Mark Narins recently gave the world premiere of his dynamic tone poem SACRED SPACE for orchestra with viola oblligato conducting the Kensington Symphony Orchestra, June 7, 2014. After first pursuing a career as a conductor, Mark Narins began composing in the 1990s. His early works were inspired by inscriptions found on tombstones in the Hebrew graveyard of Graz, Austria . Selma Weiss-Dramatic Lament for Baritone was the first composition from this source. This was followed soon afterwards by the full length opera Theresa Kren (2008-2012) about a mother’s partially successful attempt to resurrect her daughter from the grave on the day of the daughter’s tombstone unveiling.

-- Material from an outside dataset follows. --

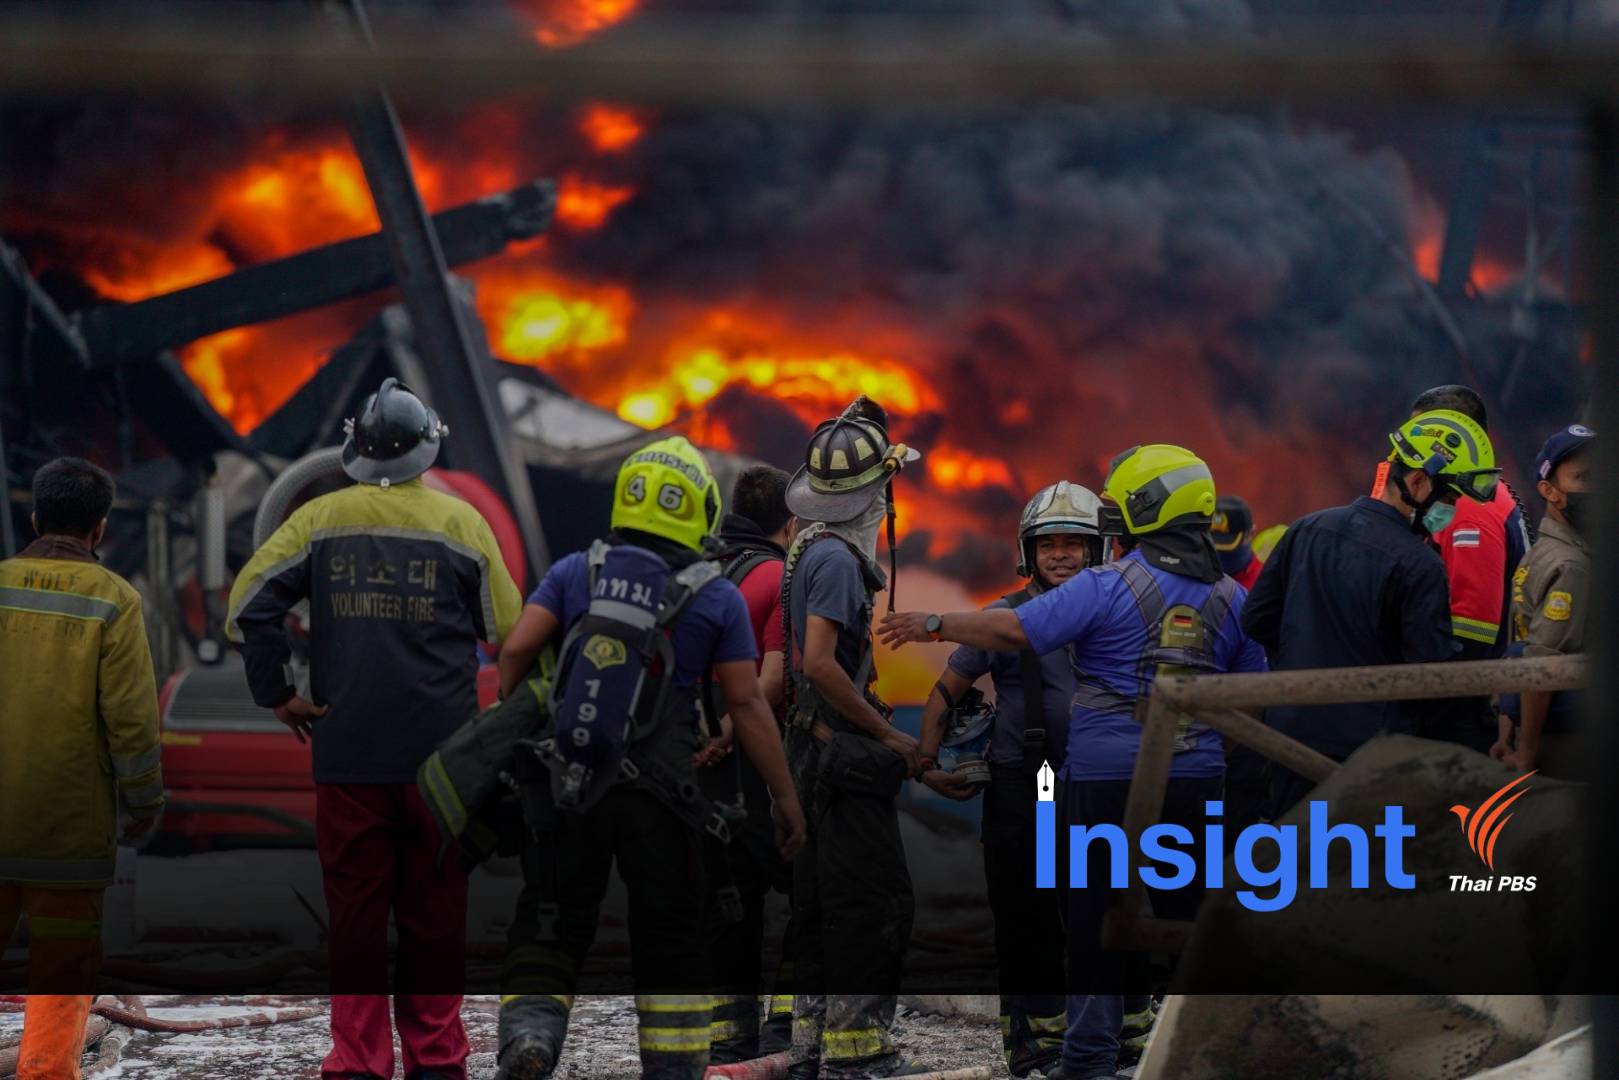 ค้นต้นเหตุ "อุบัติภัยสารเคมี" ไฟไหม้โรงงาน สุขภาพคนเสี่ยงระยะยาว

Subsequently Mr. Narins got his first exposure as a symphonic composer with the Kensington Symphony in the 2008 season conducting his Suite from the opera Theresa Kren (2008).  The orchestra has also performed Entrance of the Rabbi Shlomo ben Zion (2009) and The Ball Game (2012) with soloist, chorus and orchestra, both from Theresa Kren. Mr. Narins’ first orchestral tone poem Evocation (2012) was performed in 2012.  In 2013 Mr. Narins composed a work especially for Kensington’s co-principal oboe/English horn called Three Moods for English Horn and Orchestra which will be featured in an upcoming season. This work is based on such diverse sources as Arnold Böcklin’s The Isle of the Dead and 1940’s Latin dance band music. In June 2013 Mr. Narins’ first work for concert band The Golden Finde-Drake at Pt. Reyes was performed by The Daly City All Stars.  The revised version was performed in March 2014 by the San Francisco State Wind Ensemble conducted by Martin Seggelke.  Mr. Narins’ works for piano, Romp in f minor (2010) and Improvizations and Fugue(2012) were  performed by the noted Canadian Pianist Marion Miller in London, Ontario.  Mr. Narins is also an accomplished conductor, operatic tenor and trombonist. He studied at the Mannes School of Music, Eastman School of Music and the University of Arizona. His musical roots come from his mother who studied piano at the Juilliard School of  Music with Olga Samaroff.  She later went on to work for Walter and Arturo Toscanini at the NBC Symphony.